Revision control
Copy as Markdown
Other Tools
# mail-parser
[![build](https://github.com/stalwartlabs/mail-parser/actions/workflows/rust.yml/badge.svg)](https://github.com/stalwartlabs/mail-parser/actions/workflows/rust.yml)
[![crates.io](https://img.shields.io/crates/l/mail-parser)](http://www.apache.org/licenses/LICENSE-2.0)

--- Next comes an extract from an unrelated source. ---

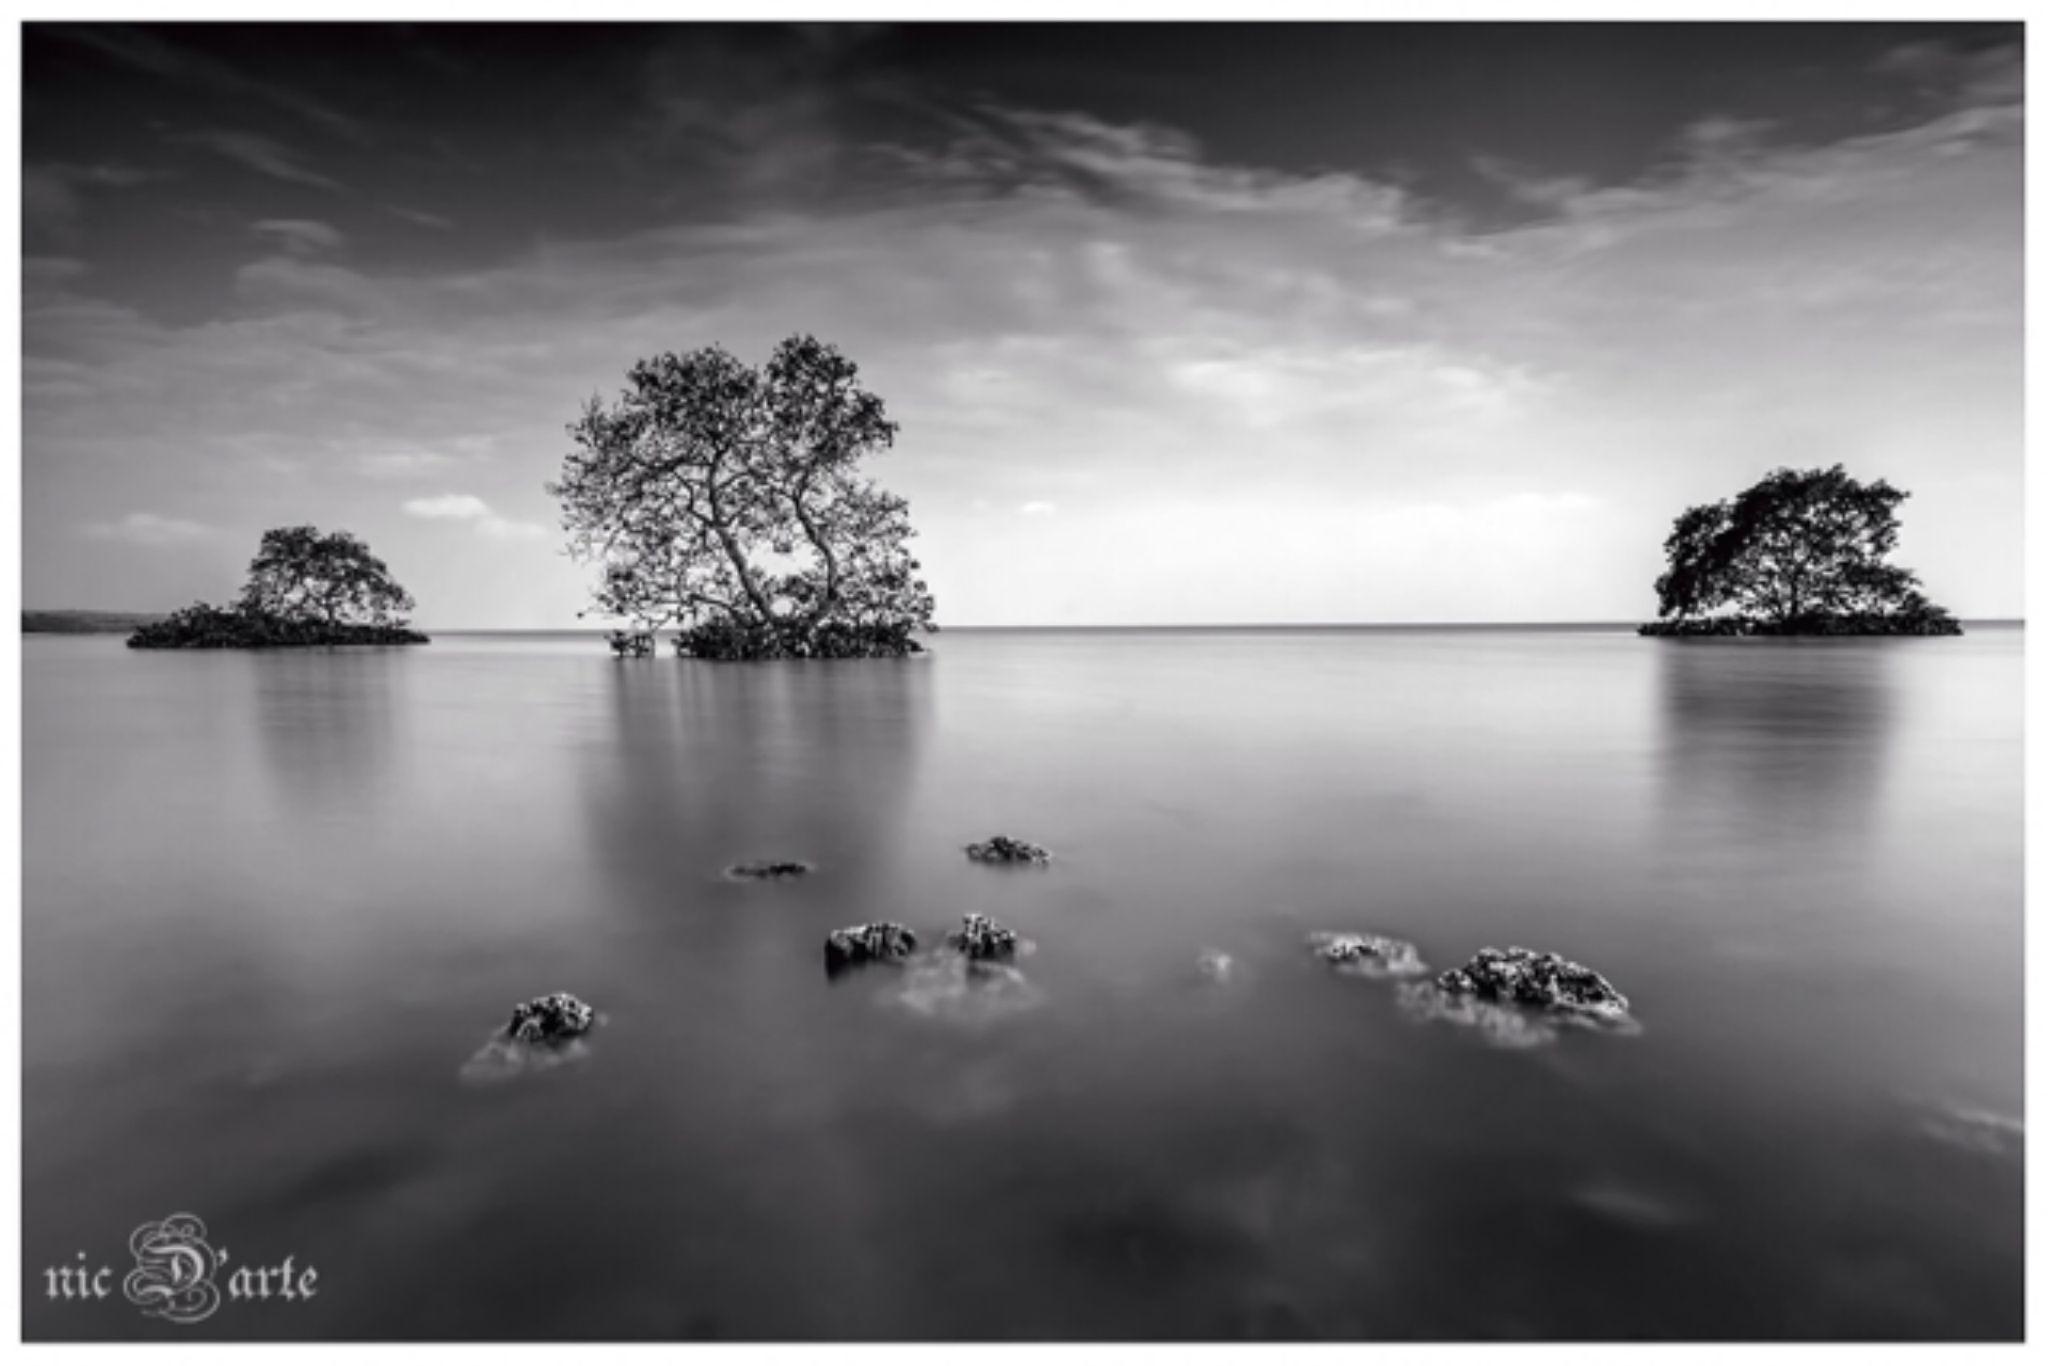 IMG_0055 by Nic D'arte

_mail-parser_ is an **e-mail parsing library** written in Rust that fully conforms to the Internet Message Format standard (_RFC 5322_), the
Multipurpose Internet Mail Extensions (MIME; _RFC 2045 - 2049_) as well as many other [internet messaging RFCs](#conformed-rfcs).
It also supports decoding messages in [41 different character sets](#supported-character-sets) including obsolete formats such as UTF-7.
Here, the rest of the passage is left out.